Scene-Graph-Benchmark环境配置过程(基于ubuntu18.04,cuda11.1,cudnn8.0.5,torch1.8.1)
安装cuda11.1和cudnn8.0.5
由于已经2025年了,太旧的cuda适应不了新的显卡,太新的cuda搞不定旧的环境,踩了很多坑,采取这个方案,在ubuntu18.04上进行配置。cuda11.1和cudnn8.0.5不讲了,直接参考https://blog.csdn.net/m0_71087087/article/details/135828903
安装torch-1.8.1和torchvision-0.9.1
anaconda创建虚拟环境,不必须但是建议
conda create -n sgbm python=3.7
然后把下面的语句加入.bashrc文件的最后一行,这样打开新的终端会自动进入创建的虚拟环境中
conda activate sgbm
可以用迅雷把这两个包下载下来,使用离线安装的方法,会比较快
https://download.pytorch.org/whl/cu111/torch-1.8.1%2Bcu111-cp37-cp37m-linux_x86_64.whl
https://download.pytorch.org/whl/cu111/torchvision-0.9.1%2Bcu111-cp37-cp37m-linux_x86_64.whl
然后在离线安装包所在的目录运行下面的命令。
pip install torch-1.8.1+cu111-cp37-cp37m-linux_x86_64.whl torchvision-0.9.1+cu111-cp37-cp37m-linux_x86_64.whl torchaudio==0.8.1 torchtext==0.9.1 -f https://download.pytorch.org/whl/torch_stable.html -i https://pypi.tuna.tsinghua.edu.cn/simple
-i https://pypi.tuna.tsinghua.edu.cn/simple可以使用清华镜像源加速。
不想安装torchaudio==0.8.1 torchtext==0.9.1的可以直接把这部分删掉。
基本上到这里torch-1.8.1和torchvision-0.9.1环境就搞定了。
配置Scene-Graph-Benchmark
上面安装cuda11.1的配置里面好像没有设置CUDA_HOME,我.bashrc里面的CUDA相关配置是这样的
export PATH=/usr/local/cuda-11.1/bin${PATH:+:${PATH}}
export LD_LIBRARY_PATH=/usr/local/cuda-11.1/lib64:${LD_LIBRARY_PATH:+:${LD_LIBRARY_PATH}}
export CUDA_HOME=/usr/local/cuda-11.1 #/usr/local/cuda
- 安装依赖包
pip install ipython scipy h5py ninja yacs cython matplotlib tqdm opencv-python -i https://pypi.tuna.tsinghua.edu.cn/simple
pip install overrides -i https://pypi.tuna.tsinghua.edu.cn/simple
别问为什么overrides要单独安装,不知道,反正放一起报错了。
- 安装cocoapi,这个网上很多细节教程,我直接使用的下面命令。
pip install pycocotools -i https://pypi.tuna.tsinghua.edu.cn/simple
喜欢细节的可以参考https://blog.csdn.net/gaoqing_dream163/article/details/112554621
安装apex
cd到准备放置apex的目录
git clone https://github.com/NVIDIA/apex.git
cd apex
git reset --hard 3fe10b5597ba14a748ebb271a6ab97c09c5701ac
python setup.py install --cuda_ext --cpp_ext
这时候可能会报错
File "/home/ps/anaconda3/envs/sgbm/lib/python3.7/site-packages/torch/utils/cpp_extension.py", line 1683, in _run_ninja_build
raise RuntimeError(message) from e
RuntimeError: Error compiling objects for extension
在终端运行下面命令打开错误所在文件。
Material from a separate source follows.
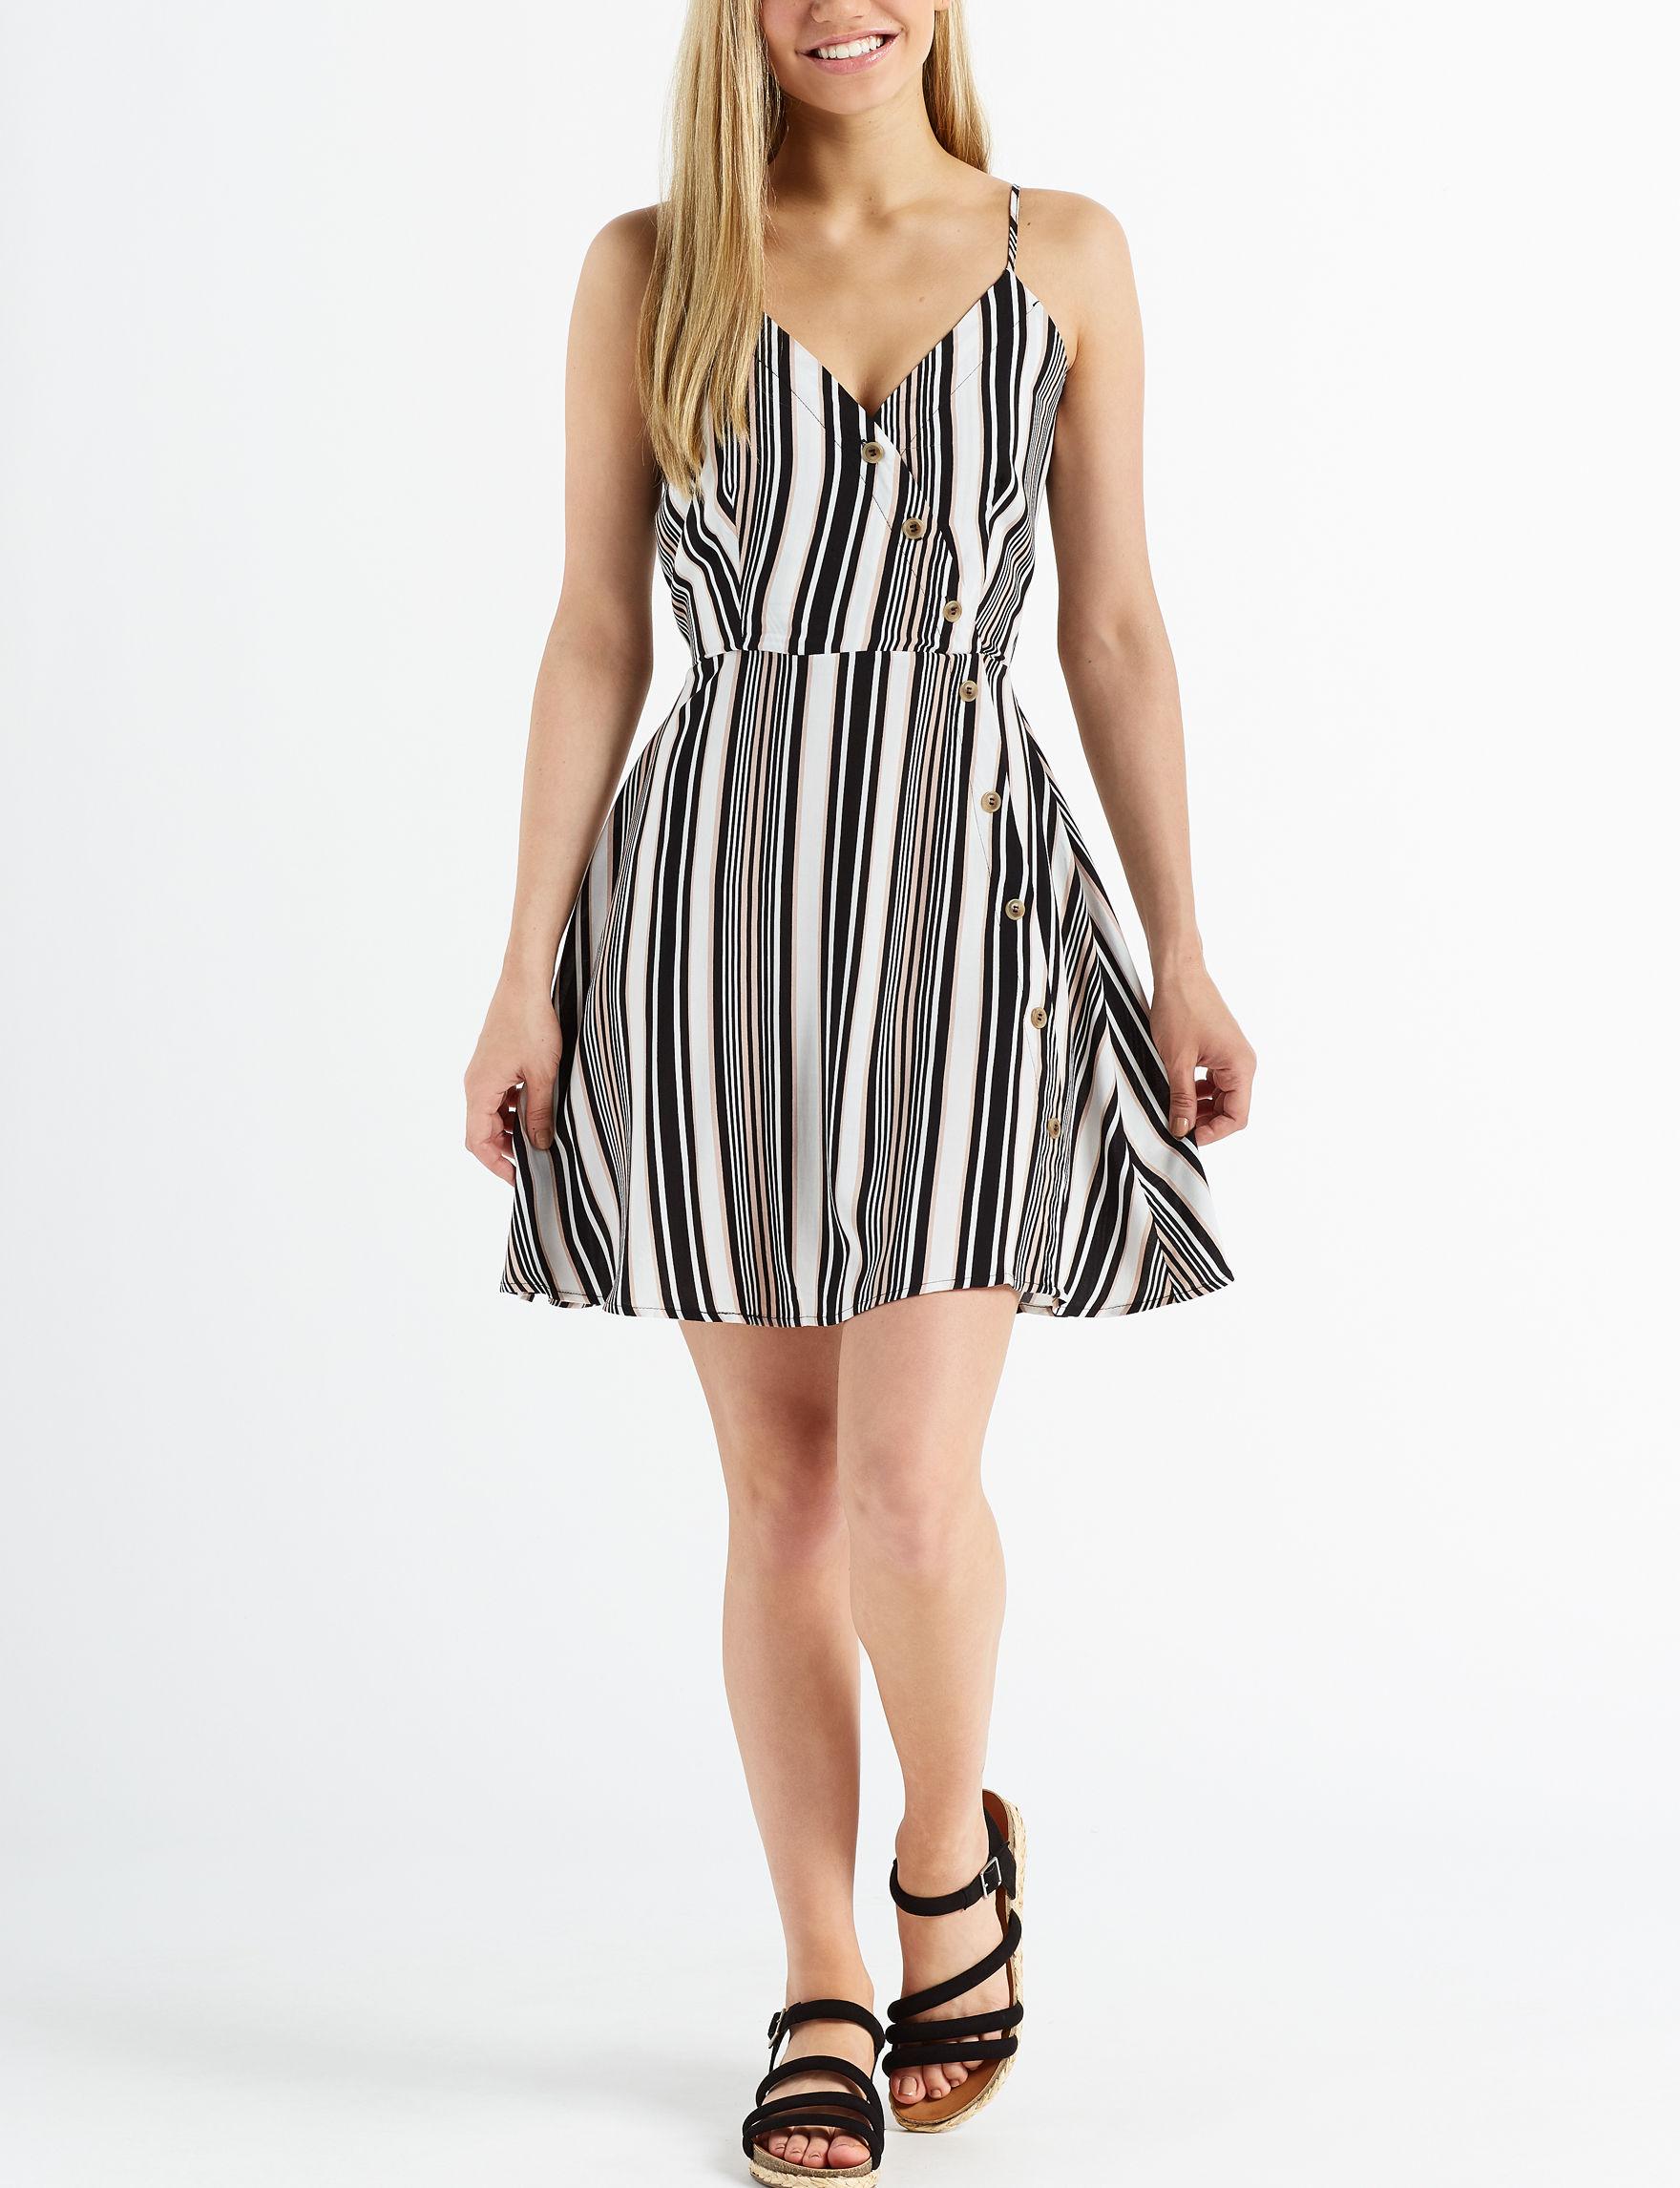 Wishful Park Black Stripe Fit & Flare Dresses

把1631行左右的的command = ['ninja', '-v']改成command = ['ninja', '--version']。
gedit /home/ps/anaconda3/envs/sgbm/lib/python3.7/site-packages/torch/utils/cpp_extension.py
再次执行python setup.py install --cuda_ext --cpp_ext就安装成功了。
到这里环境配置就完成了
Scene-Graph-Benchmark 编译安装
cd到你希望放置这个工程的目录,然后运行。
git clone https://github.com/KaihuaTang/Scene-Graph-Benchmark.pytorch.git
cd scene-graph-benchmark
python setup.py build develop
执行这一步有人会报错,这个错我在其中一台电脑上解决了,当时忘记记录,在另外一台电脑没解决。就把之前电脑行的那个/home/ps/MyProject/Scene-Graph-Benchmark.pytorch-master/build/temp.linux-x86_64-cpython-37/home/ps/MyProject/Scene-Graph-Benchmark.pytorch-master/maskrcnn_benchmark/csrc下面的东西全部拷贝到另一个电脑对应的目录下了,然后再执行 python setup.py build develop就成功了。知道怎么解决的同学欢迎评论,我将十分感谢。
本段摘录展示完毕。